Novel Antisense Inhibitors Cut Lp(a) Levels in Small Phase 2 Studies

Larry Hand

September 29, 2016

SAN DIEGO, CA — Two novel antisense oligonucleotide therapies in development significantly reduced levels of lipoprotein(a) in individuals with elevated Lp(a) in two clinical trials, according to a new report[1].

No approved specific therapy exists for Lp(a), a modified LDL particle that is recognized as a major genetic risk factor for cardiovascular disease and calcific aortic-valve stenosis, researchers say.

"Lp(a) has been an underappreciated risk factor for many years, and cardiologists haven't measured the levels because often they say, 'If I can't do anything about it, why should I measure it?' " Dr Sotirios Tsimikas (University of California, San Diego) told heartwire from Medscape.

"What we have shown in this study is that you can actually do something about it, and you can do it much better than what's been available previously. With two drugs—and the main one is Ionis-APO(a)-Lrx, which is an optimized molecule—we can get Lp(a) levels to normal in just about everybody who wants to because it's so potent," he said.

Dr Mark W Feinberg (Brigham and Women's Hospital and Harvard Medical School, Boston, Massachusetts) writes in an accompanying comment[2], "The therapeutic opportunity to target Lp(a) calls for rigorous standardization of these assays and consideration of potential cutoffs, as we excitedly await advanced-stage clinical trials that will finally examine whether Lp(a) lowering reduces cardiovascular events and potentially aortic stenosis—and that's no small task."

Tsimikas and colleagues conducted two randomized, double-blind, placebo-controlled clinical trials to evaluate two antisense oligonucleotides, Ionis-APO(a)rx and Ionis-APO(a)-Lrx, in reducing Lp(a) levels in patients with highly elevated Lp(a) levels. The drugs are designed to reduce Lp(a) by targeting hepatocytes.

The results were published online September 21, 2016 in the Lancet. Most of the authors are listed as employees of the sponsor, Ionis Pharmaceuticals.

In a phase 2 trial conducted between June 25, 2014 and November 18, 2015, they randomized 64 participants to receive either Ionis-APO(a)rx (n=35) or placebo (n=29). Participants received either escalating subcutaneous doses of the study drug (100 mg, 200 mg, 300 mg) once a week for 4 weeks each or injections of saline placebo weekly for 12 weeks. At day 85 or 99, participants receiving the study drug experienced Lp(a) reductions ranging from 66.8% for participants whose Lp(a) concentrations were 125 to 437 nmol/L to 71.6% for participants whose Lp(a) concentrations were >438 nmol/L (P<0.0001 vs pooled placebo for both).

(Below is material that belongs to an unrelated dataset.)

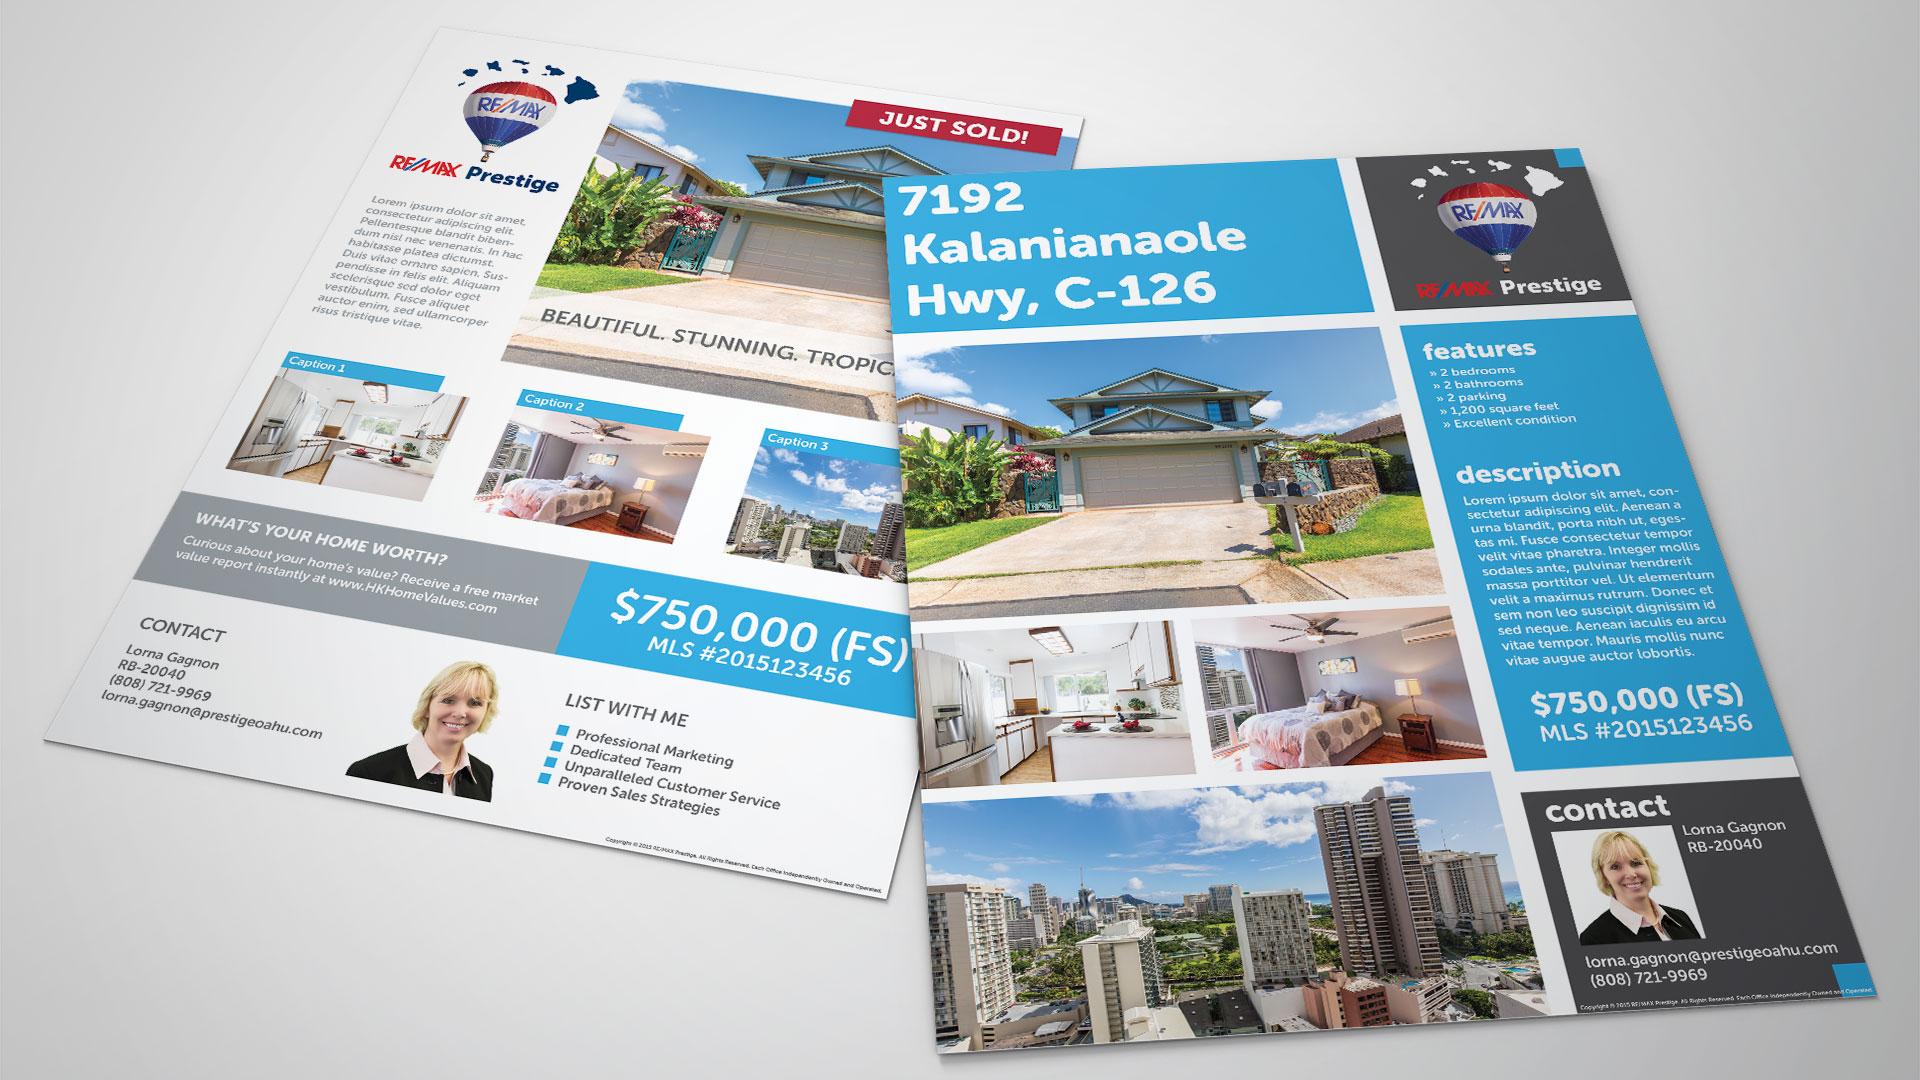 re max prestige property flyers re max prestige property flyers

In a phase 1–2a trial conducted between April 15, 2015 and January 11, 2016, the researchers evaluated Ionis-APO(a)-Lrx, a ligand-conjugated antisense oligonucleotide.

In a single-ascending-dose phase, they randomized 28 healthy participants (Lp(a) 75 nmol or higher) to receive 10- to 120-mg subcutaneous doses of the study drug on specific study days (1–22) or placebo. In a multiple-ascending-dose phase, they randomized 30 participants to receive either the study drug (10–40 mg) or placebo on specific study days.

While they observed significant reductions in Lp(a) in the single-ascending phase at day 30, the results were more resounding in the multiple-ascending phase, in which mean Lp(a) reductions ranged from 66% in the 10-mg group to 92% in the 40-mg group (P<0.0007) at day 36.

The researchers also saw significant reductions in LDL cholesterol, apolipoprotein B, and oxidized phospholipids in patients receiving study drugs.

The researchers observed no treatment-related adverse events.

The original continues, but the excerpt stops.